Here too (alas! tho' tott'ring now with age)
Stands our deserted, solitary stage,
Where oft our Powell, Nature's genuine son,
With tragic tones the fix'd attention won:
Fierce from his lips his angry accents fly,
Fierce as the blast that tears the northern sky;
Like snows that trickle down hot Etna's steep,
His passion melts the soul, and makes us weep:
But O! how soft his tender accents move-
Soft as the cooings of the turtle's love-
Soft as the breath of morn in bloom of spring,
Dropping a lucid tear on Zephyr's wing:
O'er Shakespear's varied scenes he wandered wide,
In Macbeth's form all human pow'r defy'd;
In shapeless Richard's dark and fierce disguise,
In dreams he saw the murder'd train arise;
Then what convulsions shook his trembling breast,
And strew'd with pointed thorns his bed of rest!
But fate has snatch'd thee-early was thy doom,
How soon enclos'd within the silent tomb!
No more our raptur'd eyes shall meet thy form,
No more thy melting tones our bosoms warm.
Without thy pow'rful aid, the languid stage
No more can please at once and mend the age.
Yes, thou art gone! and thy belov'd remains
Yon sacred old cathedral wall contains;
There does the mufiled bell our grief reveal,
And solemn organs swell the mournful peal;
Whilst hallow'd dirges fill the holy shrine,
Deserved tribute to such worth as thine.
No more at Clifton's scenes my strains o'erflow,
For the Muse, drooping at this tale of woe,
Slackens the strings of her enamour'd lyre,
The flood of gushing grief puts out her fire:
Else would she sing the deeds of other times,
Of saints and heroes sung in monkish rhymes;
Else would her soaring fancy burn to stray,
And thro' the cloister'd aisle would take her way,
Where sleep (ah! mingling with the common dust)
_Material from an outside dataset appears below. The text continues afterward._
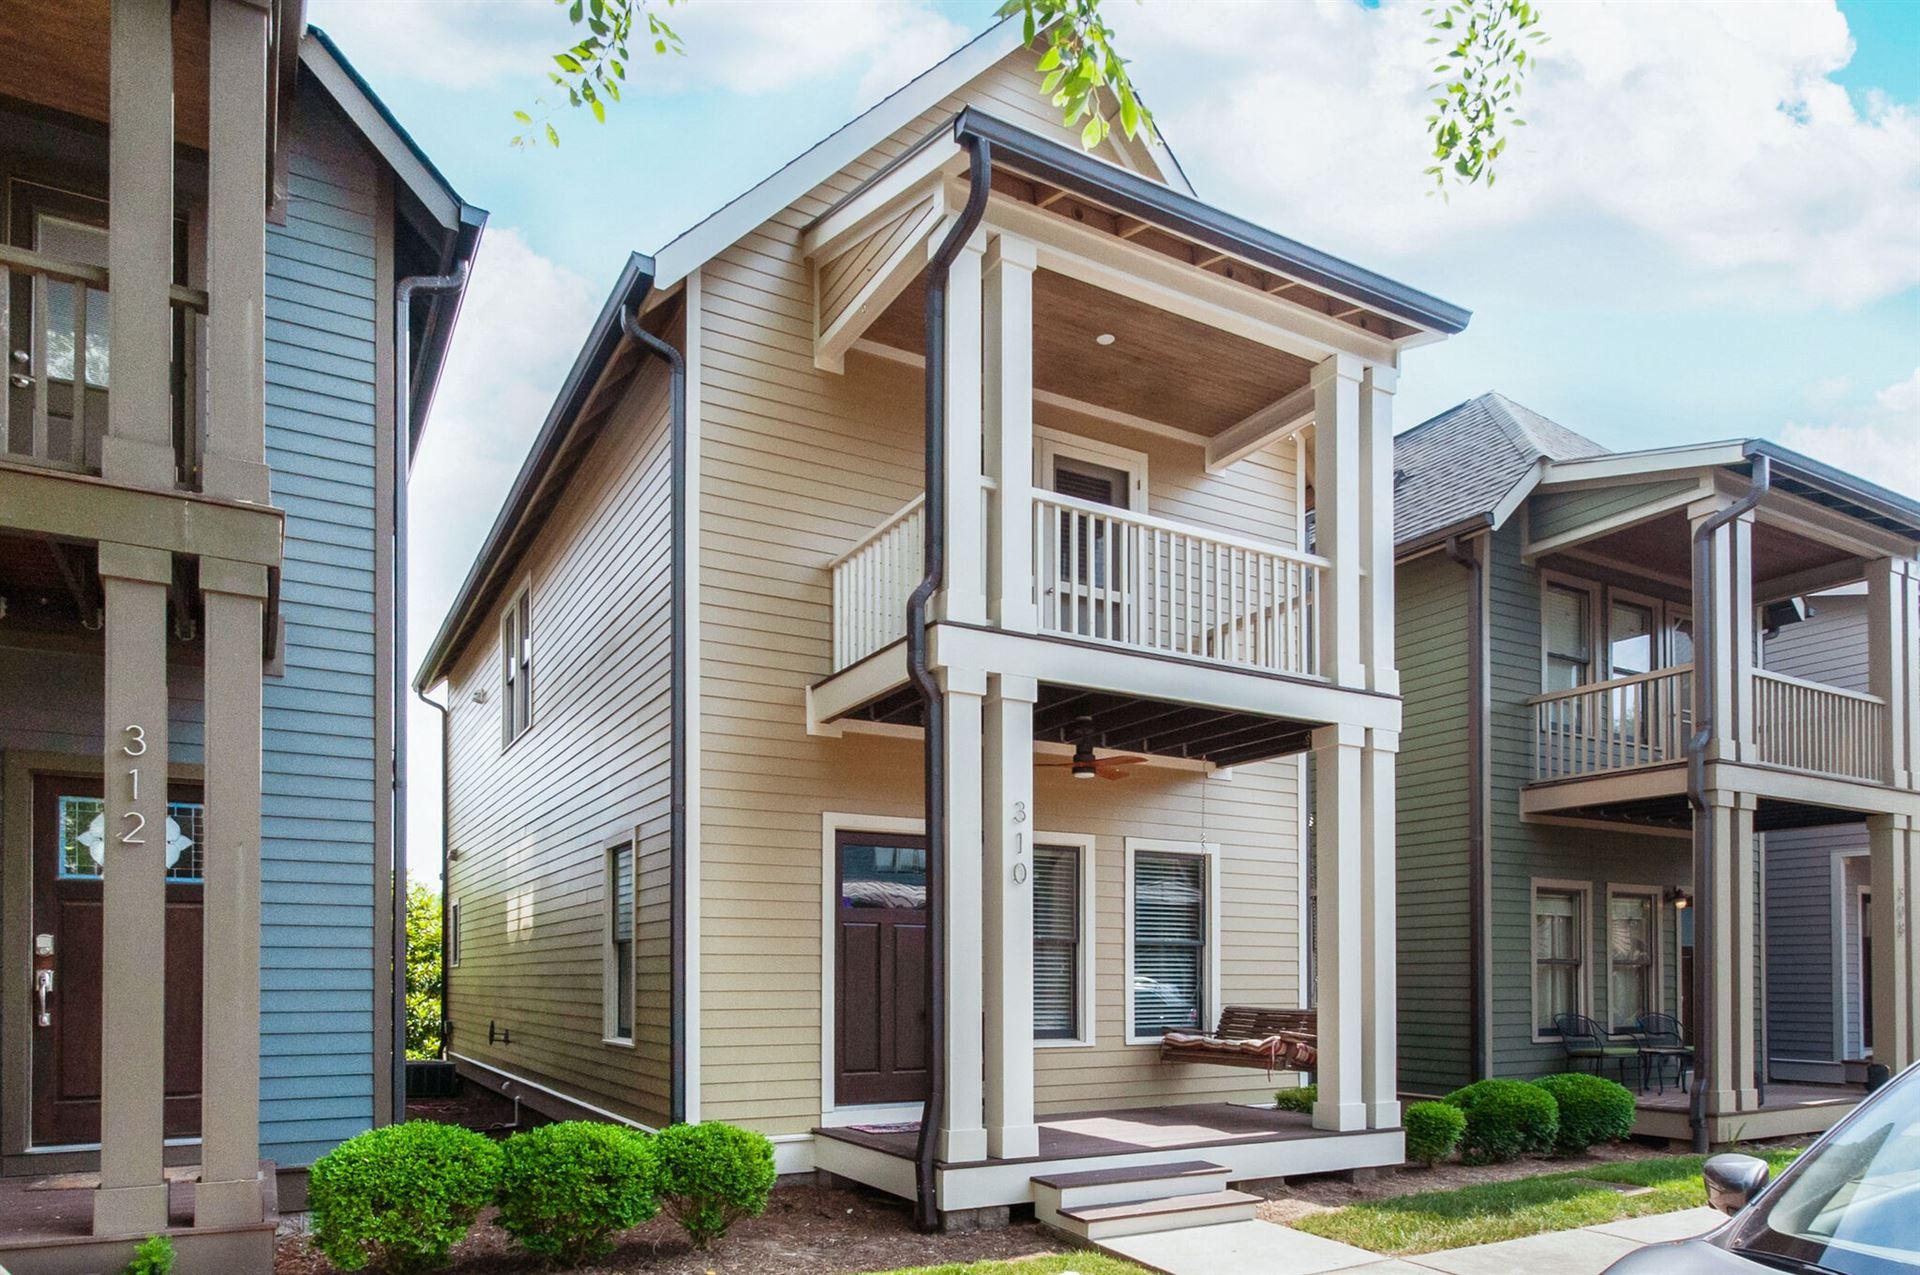 310 Sylvan Park Ln, Nashville, TN 37209 - MLS#: 2263467

The sacred bodies of the brave and just.
But vain th' attempt to scan that holy lore,
These soft'ning sighs forbid the Muse to soar.
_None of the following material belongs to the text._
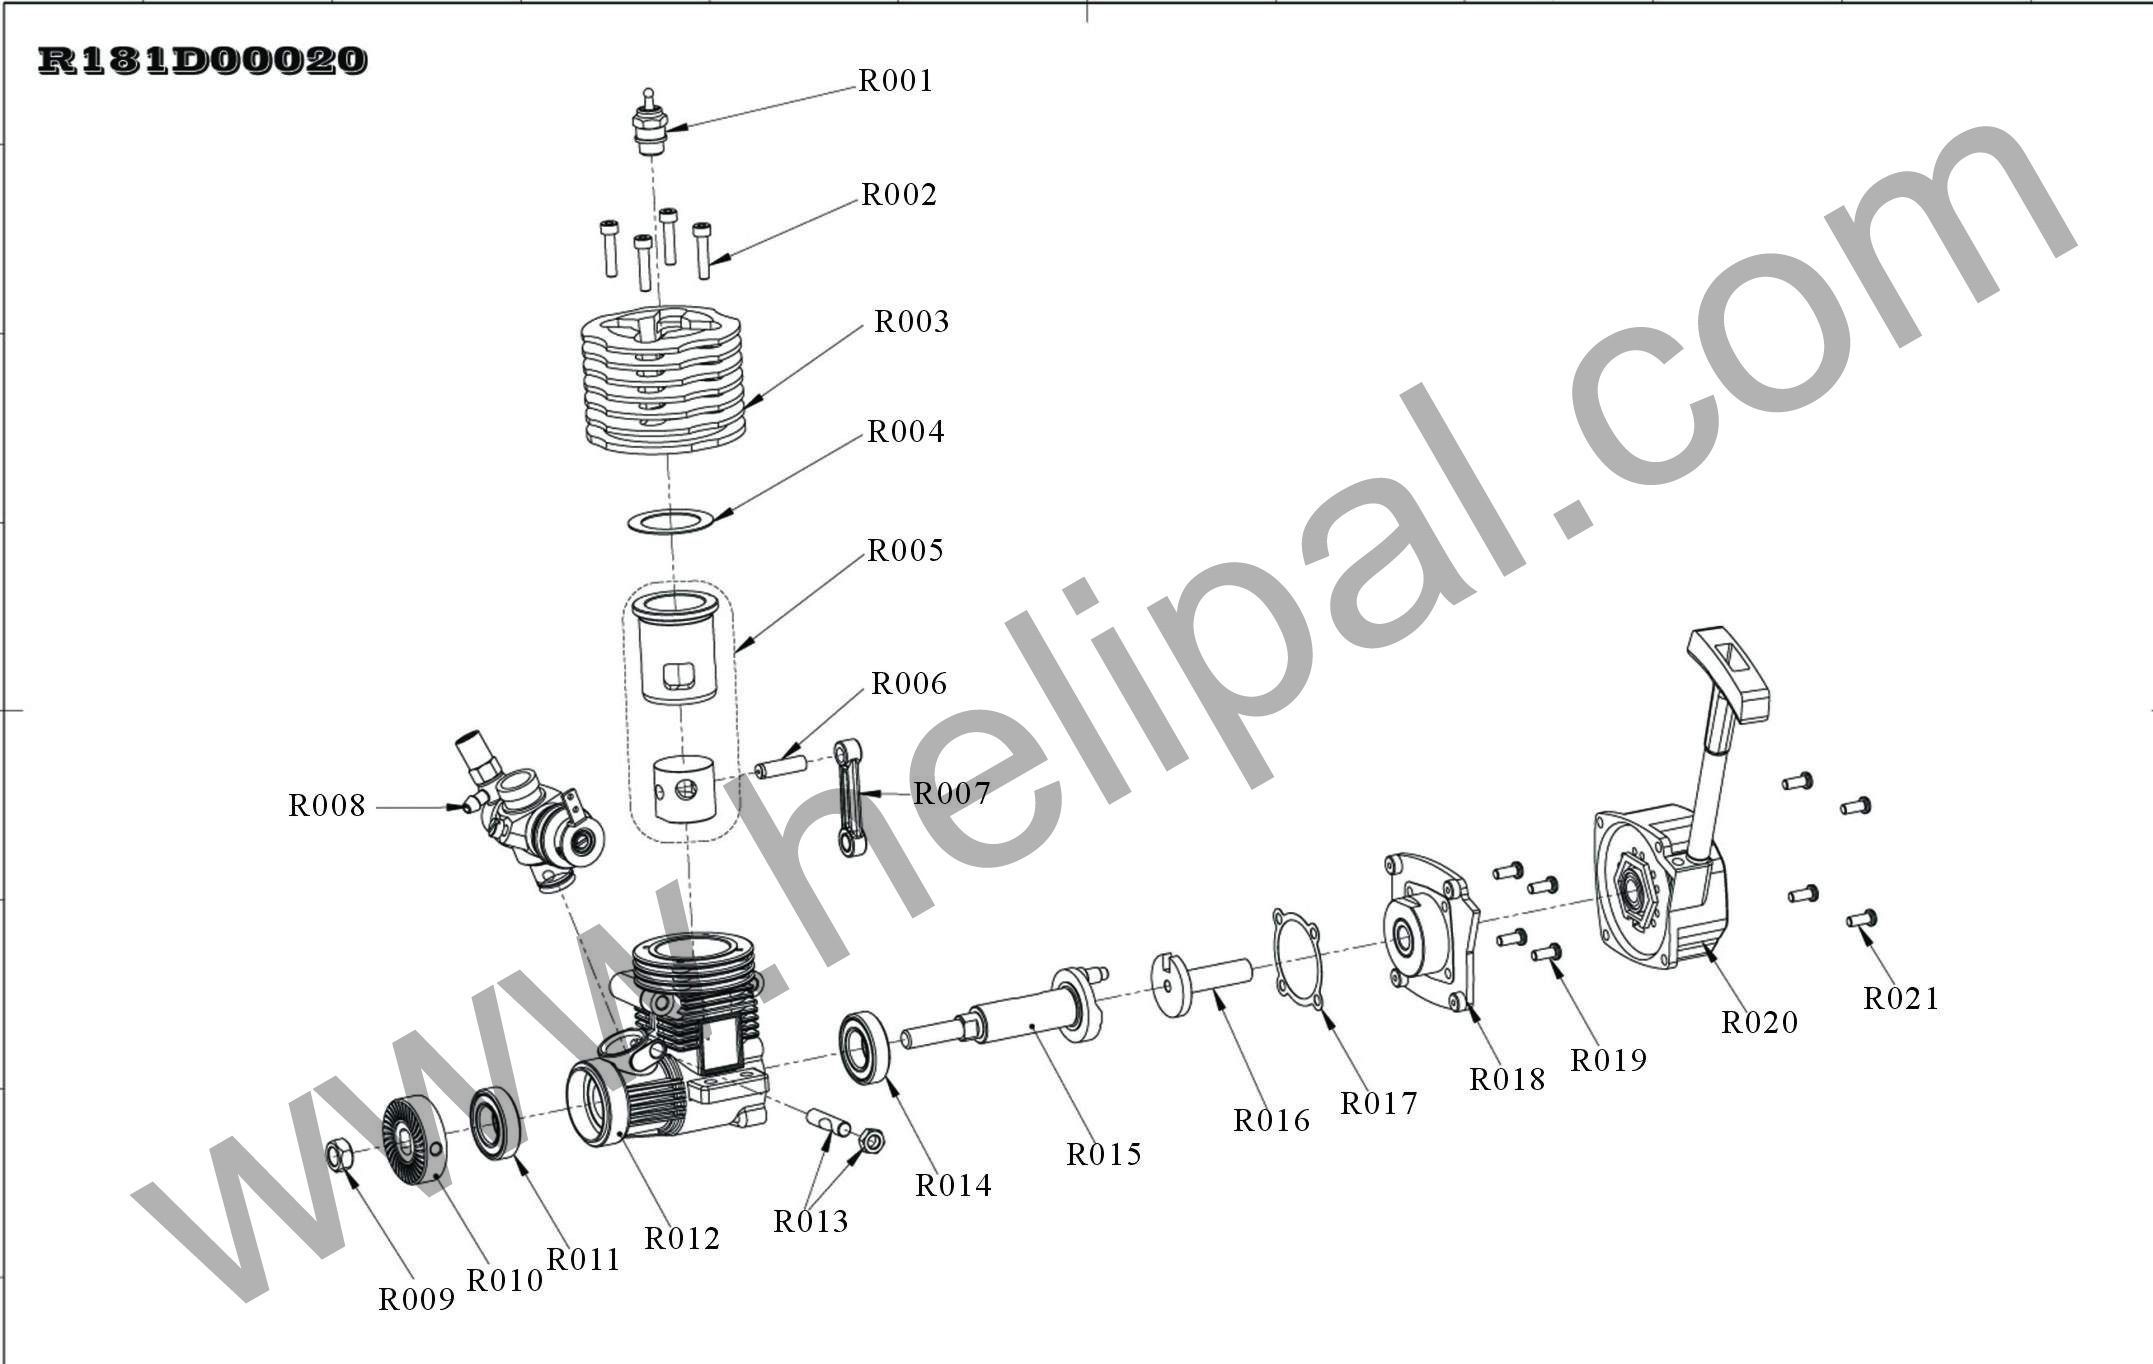 2008 Dodge Nitro Engine Diagram 2000 Hyundai Elantra Fuel Pump Wiring 0f Igesetze De Explosion For Hsp 16 18 Class Click To Enlarge Rh Pinterest Ca 4 0

So treading back the steps I just now trod,
Mournful and sad I seek my lone abode.

TO MISS HOYLAND.

[From a MS. of Chatterton's in the British Mu-
seum.]

SWEET are thy charming smiles, my lovely maid,
Sweet as the flow'rs in bloom of spring array'd;
Those charming smiles thy beauteous face adorn,
As May's white blossoms gaily deck the thorn.